And finally Freya- yellow black "koi" (marble) hmpk female. Lovely gal nice personality, but she does not like her reflection in the thermometer (makes her look fat? haha)



Will post photos of my husband's betta and the living room bettas later ^^


----------



## Tessa

AquaAurora said:


> Nice to see you over on these forums too ^^ I see your boy got a bit more color since you bought him, hope his white doesn't turn all blue.


Hi, nice to see a familiar name - your fish and tanks are always so much fun to look at. And no, my boy hasn't really changed, it's the bounced flash from the camera that makes him look more colorful.


----------



## AquaAurora

Tessa said:


> Hi, nice to see a familiar name - your fish and tanks are always so much fun to look at. And no, my boy hasn't really changed, it's the bounced flash from the camera that makes him look more colorful.


Thank you, I love the look of Osss's tank with the contrasting red rock and tiger lotus. Ah ok.


----------



## Varmint

AquaAurora said:


> Hey Varmint! I was wondering how you were doing when I came across an old photo of Waldo last night. Your boys are looking lovely, new guy I interesting, wonder how he'll marble.


Hi Aqua Aurora. I'm glad to see you are still on this forum. Your desk Bettas are great. Magnus looks really healthy exept for the eye problem. Last night I was thinking about you too. I was looking at the earlier posts on this thread and sometime in 2014 you posted that you wanted to get a Betta. I was giggling later when I found out there are desk Bettas, the hubby's Betta and some others. By the way, Freya can come visit Buster any time she wants.

I've had Buster for around two months now and he hasn't changed. I'm kind of hoping he won't change too much since I love the dots, blotches and stripes he has. His little black lips remind me of the mustache phase Waldo went through when he marbled. Buster was labeled Koi at the store, so I am emotionally ready for marbling this time.


----------



## AquaAurora

Varmint said:


> Hi Aqua Aurora. I'm glad to see you are still on this forum. Your desk Bettas are great. Magnus looks really healthy exept for the eye problem. Last night I was thinking about you too. I was looking at the earlier posts on this thread and sometime in 2014 you posted that you wanted to get a Betta. I was giggling later when I found out there are desk Bettas, the hubby's Betta and some others. By the way, Freya can come visit Buster any time she wants.
> 
> I've had Buster for around two months now and he hasn't changed. I'm kind of hoping he won't change too much since I love the dots, blotches and stripes he has. His little black lips remind me of the mustache phase Waldo went through when he marbled. Buster was labeled Koi at the store, so I am emotionally ready for marbling this time.

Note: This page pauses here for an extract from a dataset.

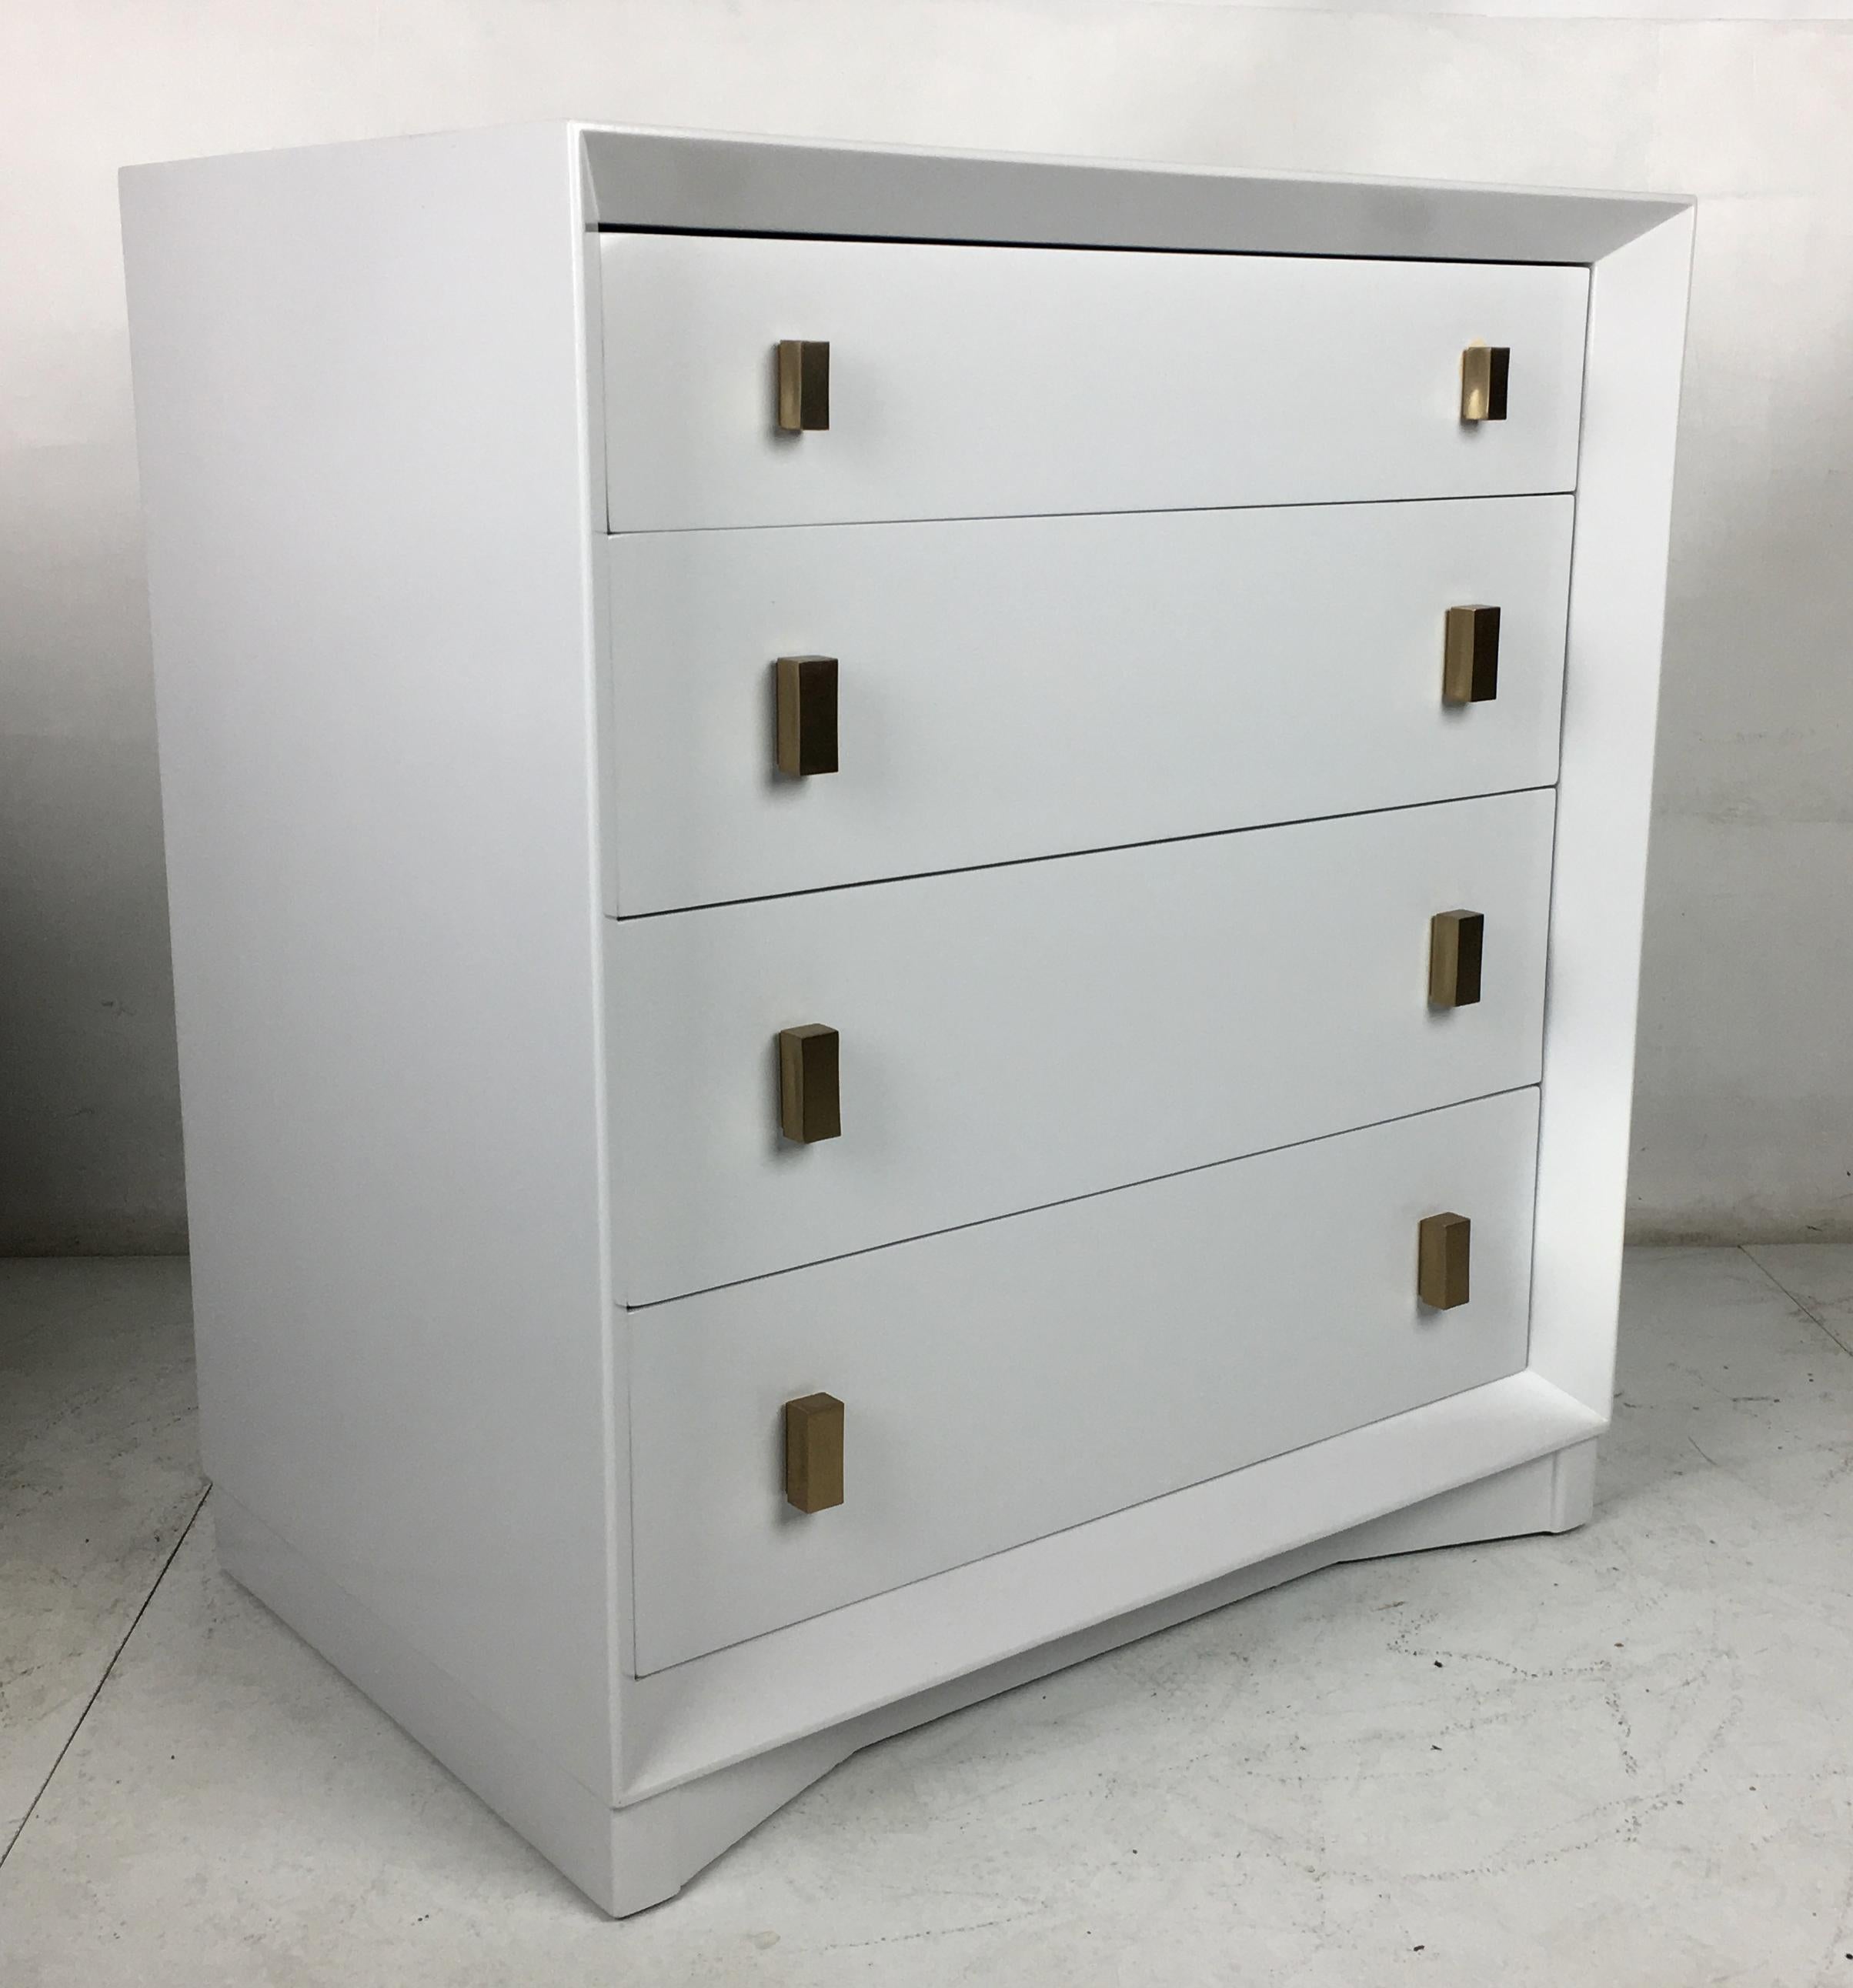 Handsome pale grey commode/chest of drawers by Plymouth Furniture for John Stuart NY. The chest has been meticulously restored and freshly lacquered in a grey/off-white.

You mean Xerxes? Sadly Magnus is no longer with us.. I had to put him down after over a month of bloat/constipation.. necropsy showed clogged stomach and nothing in intestines (though I did feed him (sparingly) during that time). I held out hope until he got clamped and lethargic. He had a bad habit of eating his floaters..I think that was the culprit.

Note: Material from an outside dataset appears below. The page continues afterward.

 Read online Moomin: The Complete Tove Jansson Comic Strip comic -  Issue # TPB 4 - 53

Ok onto something less depressing, yes the betta bug bit hard (they are a perfect addition to planted nanos/picos!)! Even got my husband ^^ He actually got a female first then I loved her personality so much I had to get Freya! His girl really enjoys him petting her, gets bossy at feeding time, and she's amusingly flared at me a twice (never him) even though she knows I give my husband the food he gives her.
Freya has the best form/lack of deformities of all my bettas (husband's girl also has great form), she's such a lovely yellow (with tiny hints of orange in fins). I nearly bought a stunning male yellow koi from e-to-bay to breed her with a few months back but I have no breeding experience, no room for culturing micro foods for fry, or grow out tanks (or deal with them at cupping age).
You're boy is quite interesting with the light head and darker body (pie bald?) Curious to see if he will stay stable forever or suddenly change down the line.


----------



## Fin2you

Eeyore is my current Betta.


----------



## BettaBabe

Prince Charming exploring his new home. I love his color. Matches my living room decor. <3

Bump: Forgot the picture.


----------



## Varmint

AquaAurora said:


> You're boy is quite interesting with the light head and darker body (pie bald?) Curious to see if he will stay stable forever or suddenly change down the line.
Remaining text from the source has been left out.